Word for word, restate the lines of the listing below from the line with "(6 stk) Karlowsky" through the line with "Donna di vent'anni", and do not include the pictures.

___ Information shown ___

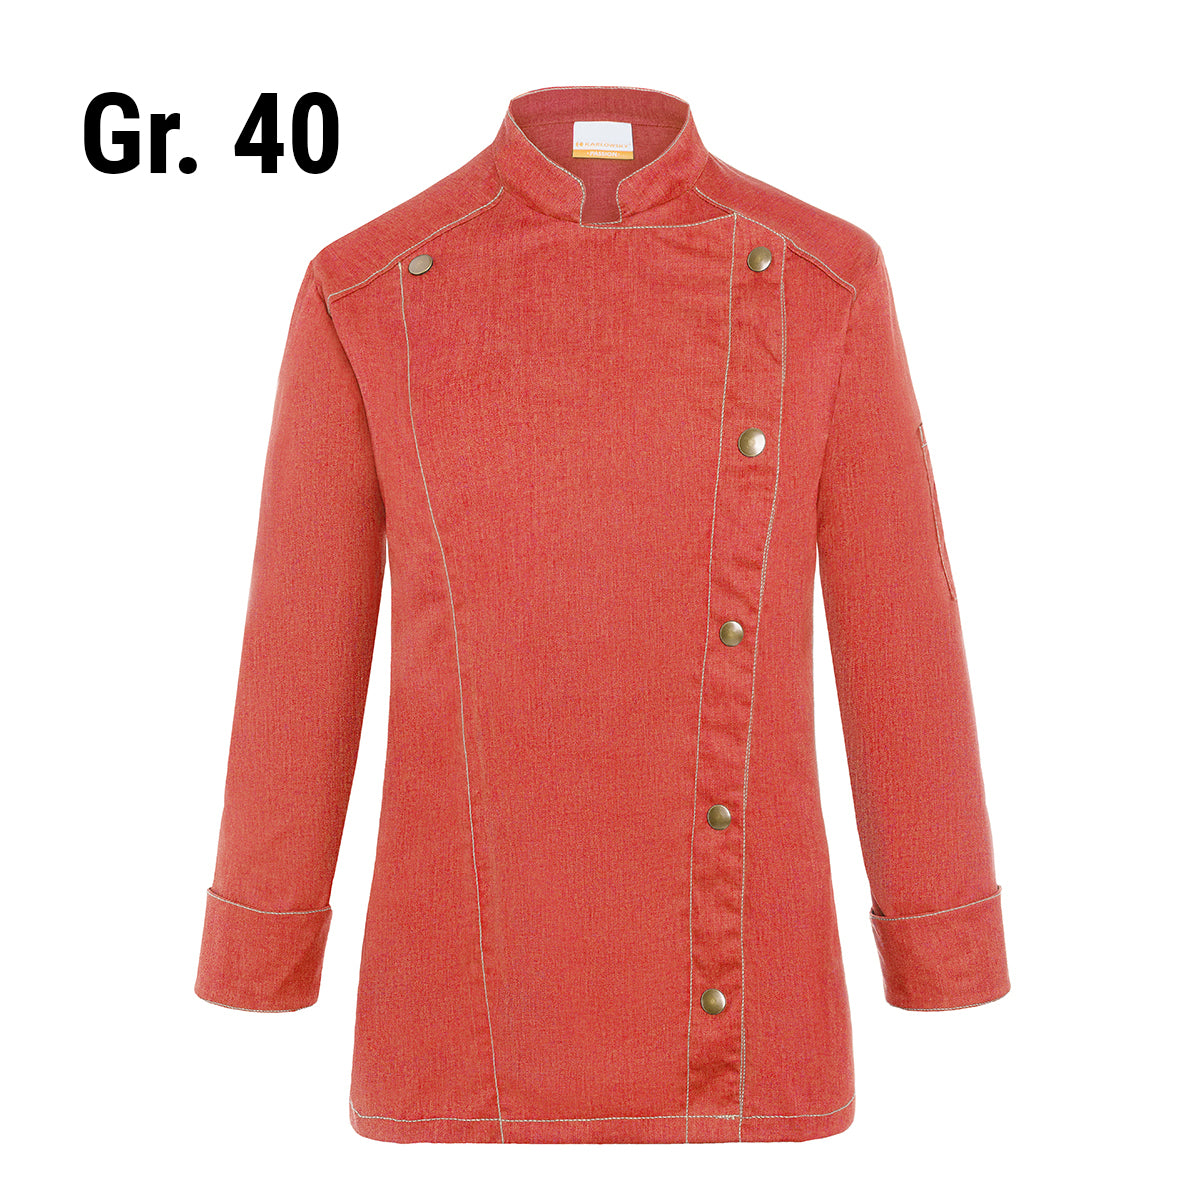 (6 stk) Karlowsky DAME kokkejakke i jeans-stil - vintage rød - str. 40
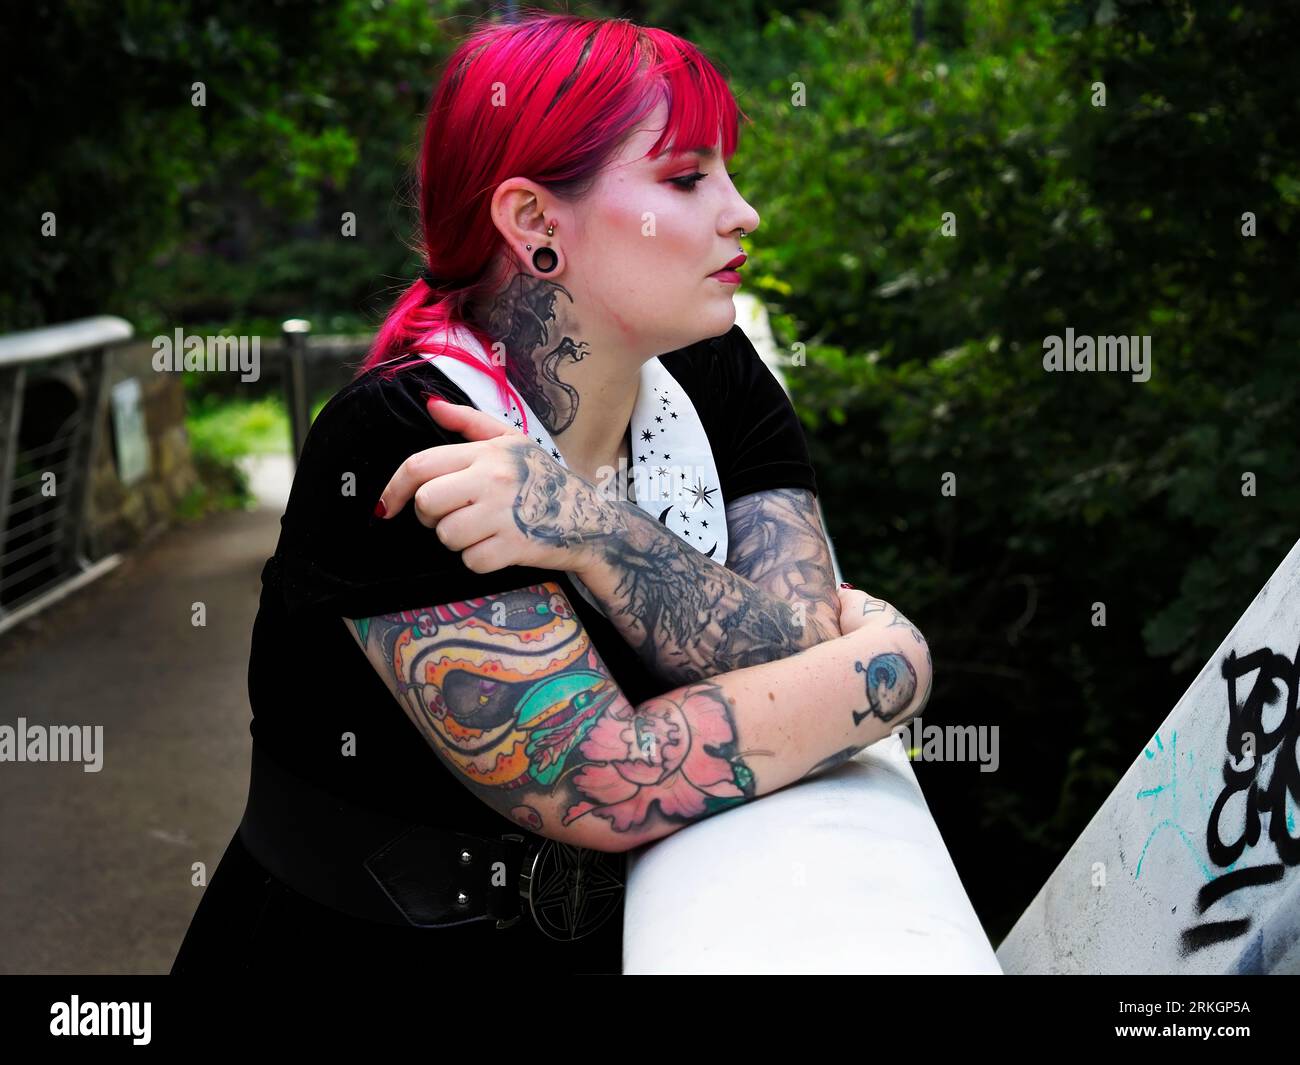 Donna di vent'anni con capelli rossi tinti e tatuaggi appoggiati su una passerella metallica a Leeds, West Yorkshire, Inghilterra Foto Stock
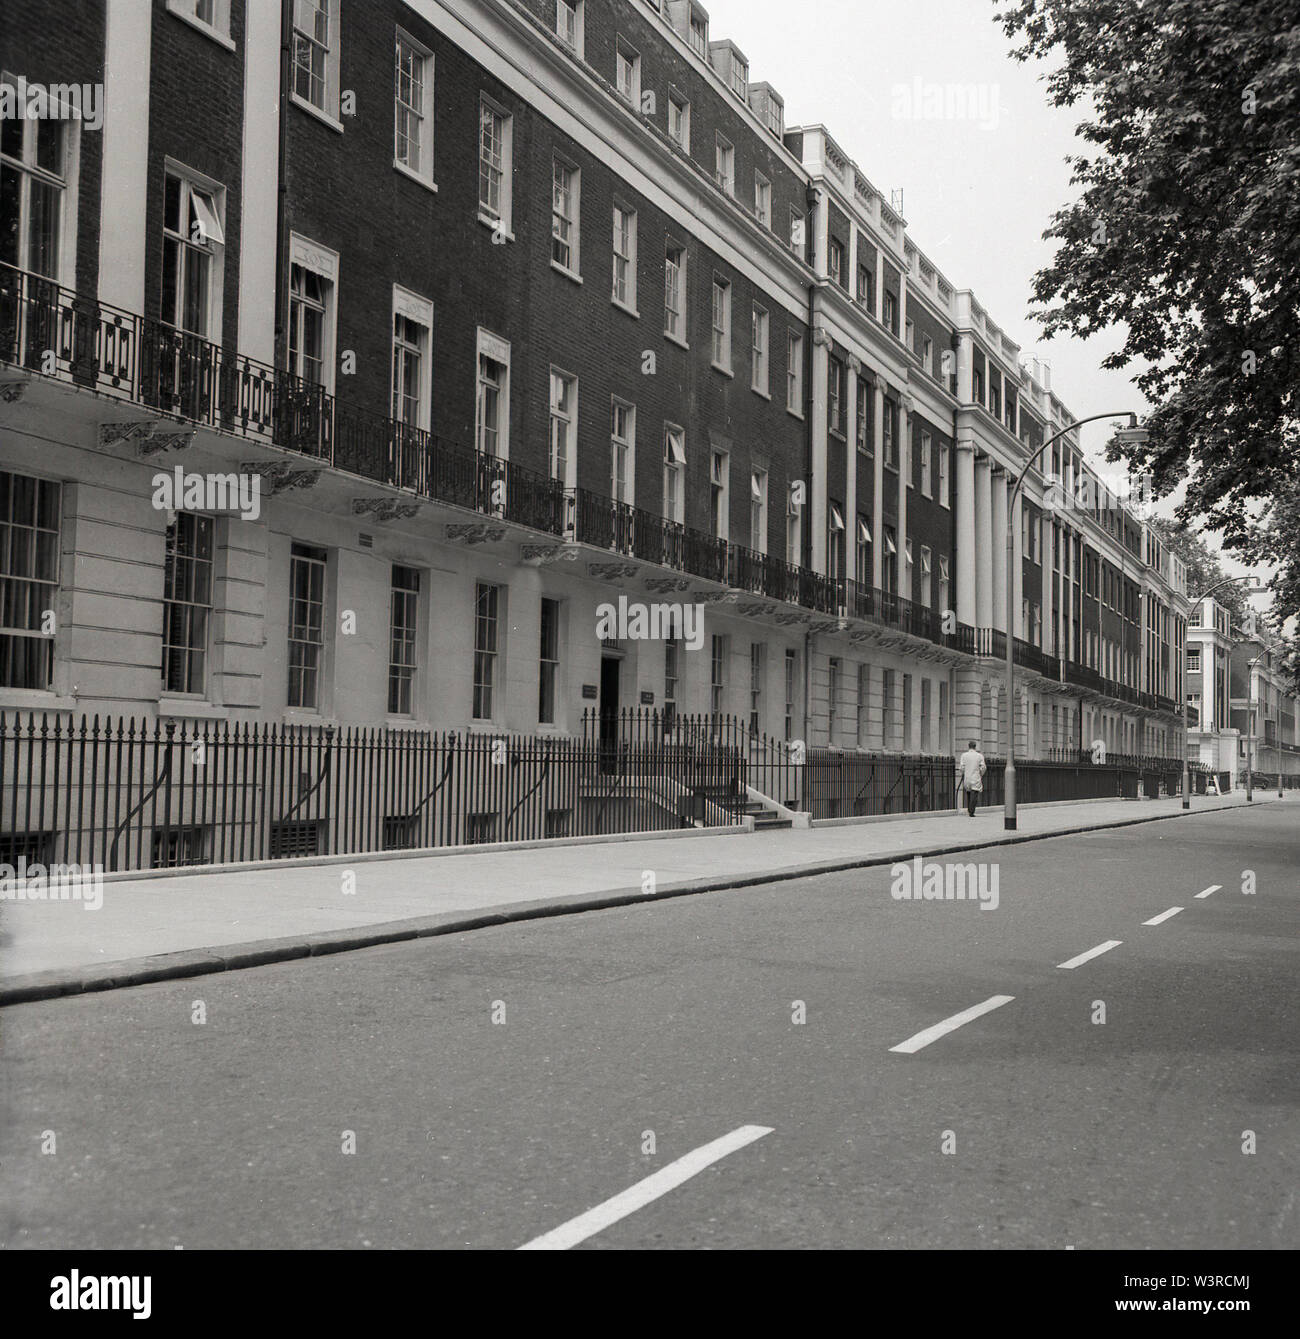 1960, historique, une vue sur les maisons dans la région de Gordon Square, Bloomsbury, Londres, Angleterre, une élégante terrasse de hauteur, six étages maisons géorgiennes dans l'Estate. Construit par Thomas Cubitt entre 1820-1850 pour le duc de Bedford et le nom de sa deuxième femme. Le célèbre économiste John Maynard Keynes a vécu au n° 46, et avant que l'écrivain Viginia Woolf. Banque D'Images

___
___ Information shown ___

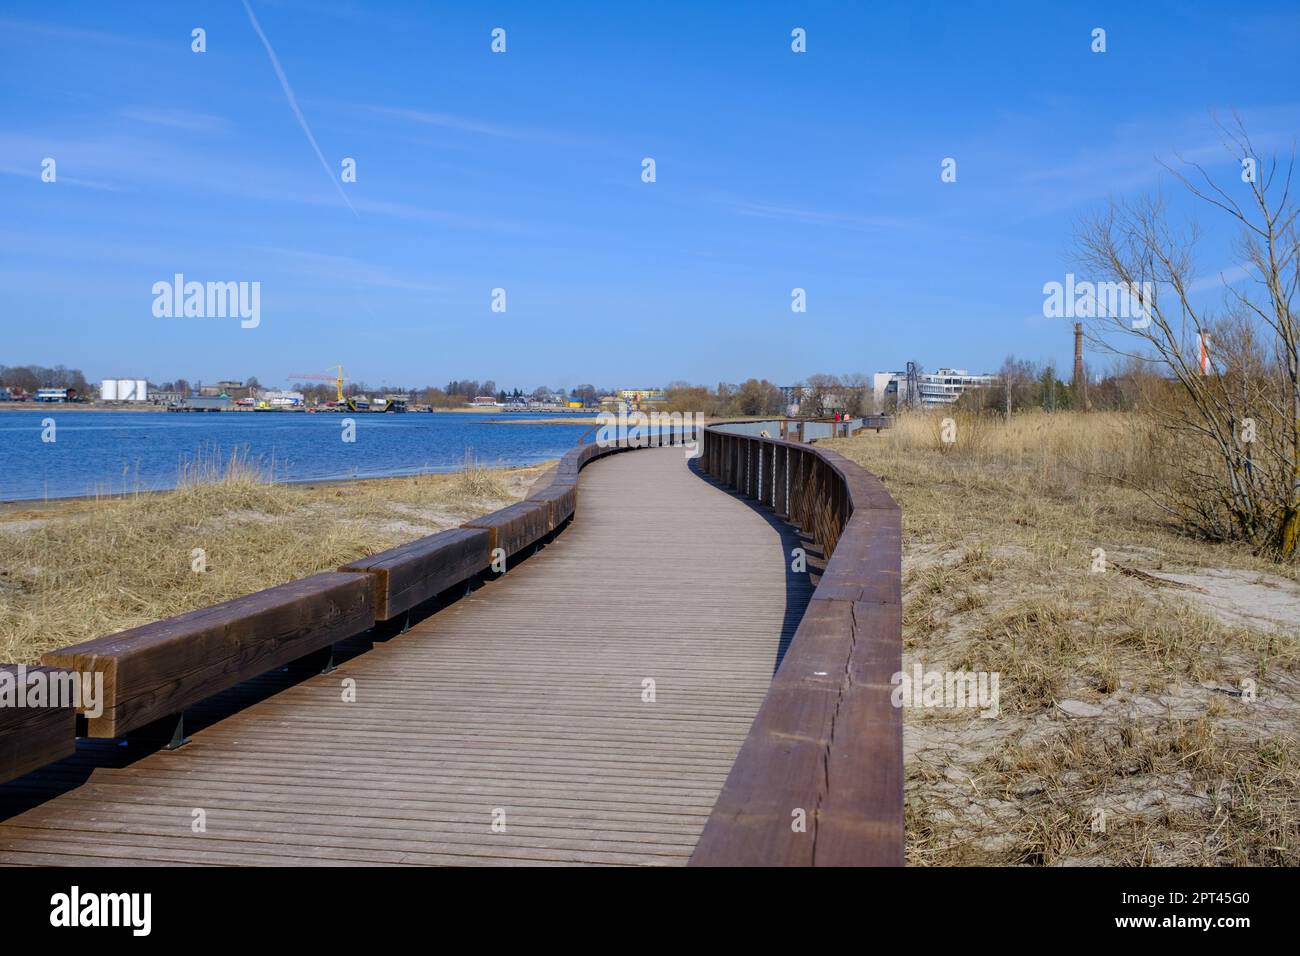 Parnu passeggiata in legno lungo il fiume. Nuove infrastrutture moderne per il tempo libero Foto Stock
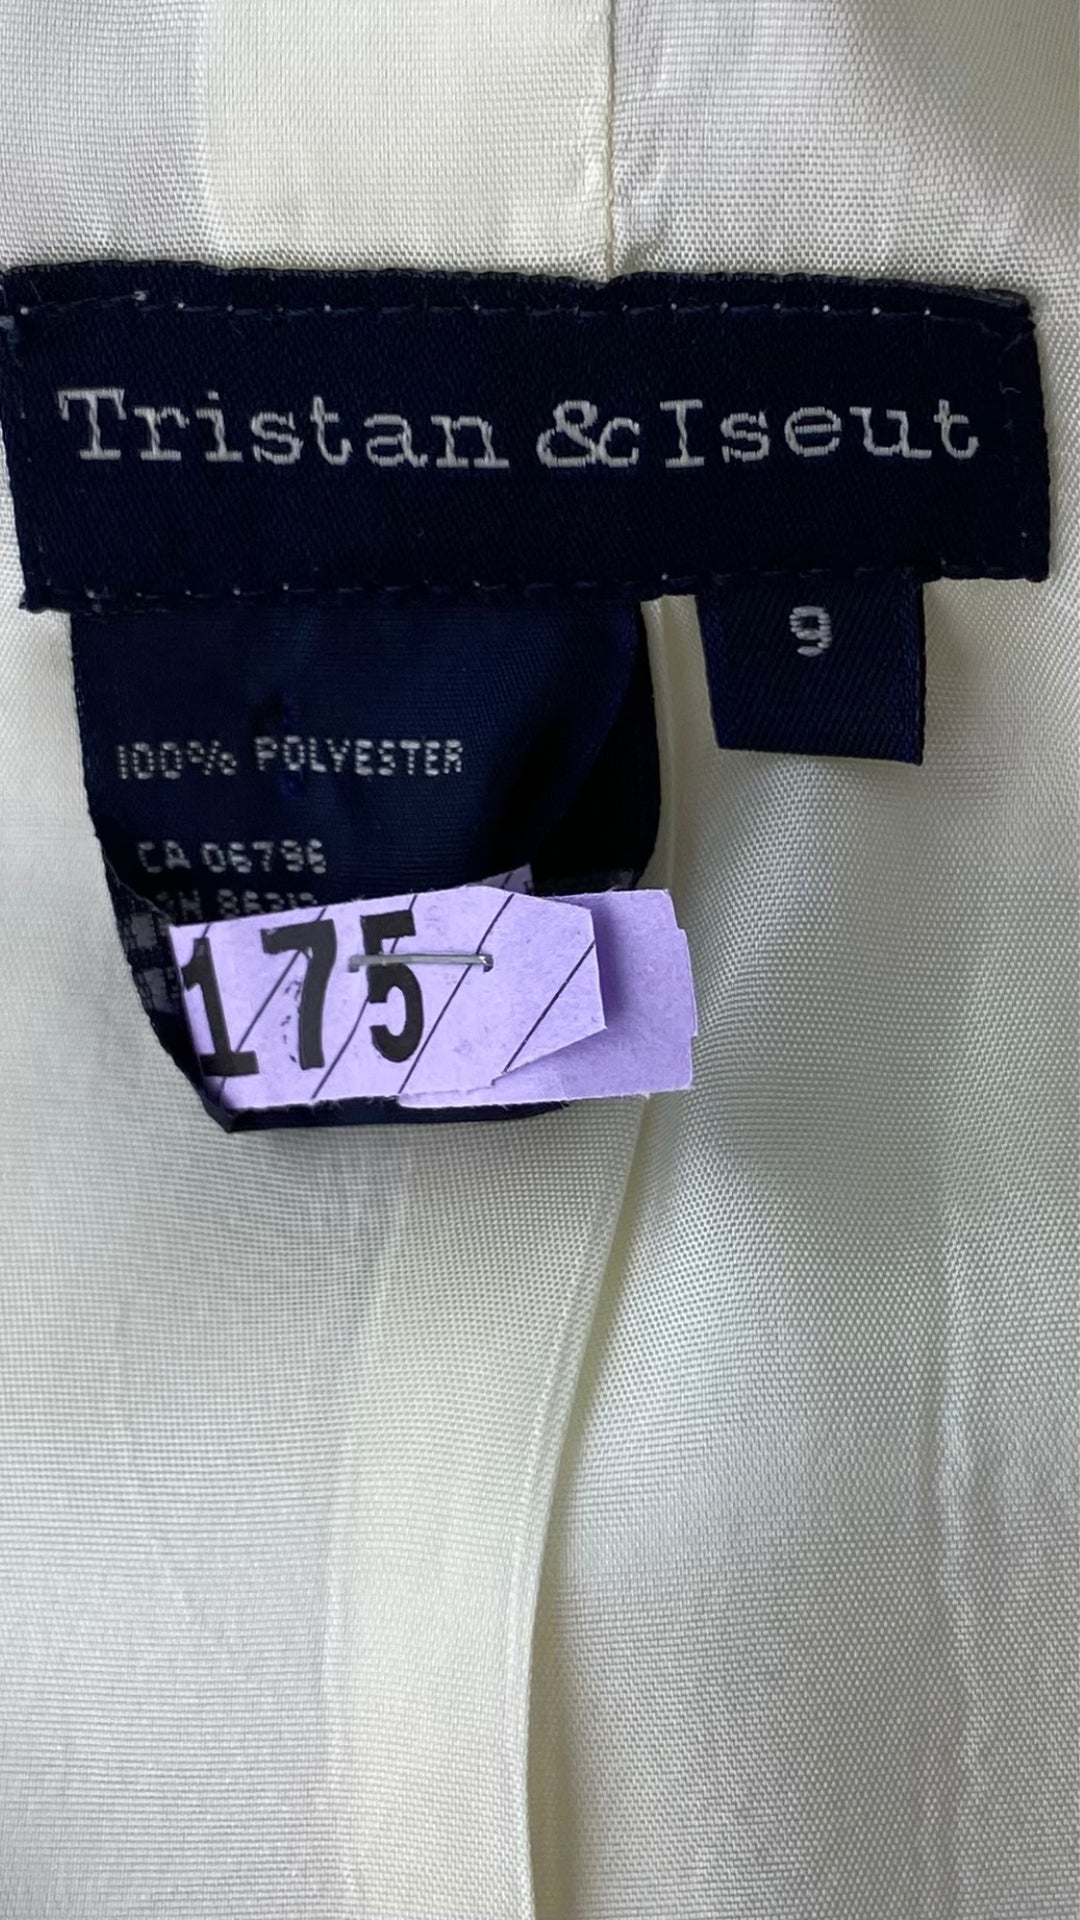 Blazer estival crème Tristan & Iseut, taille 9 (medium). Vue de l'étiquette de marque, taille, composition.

___

Solution to this exercise:
 (6 stk) Karlowsky DAME kokkejakke i jeans-stil - vintage rød - str. 40
 Donna di vent'anni con capelli rossi tinti e tatuaggi appoggiati su una passerella metallica a Leeds, West Yorkshire, Inghilterra Foto Stock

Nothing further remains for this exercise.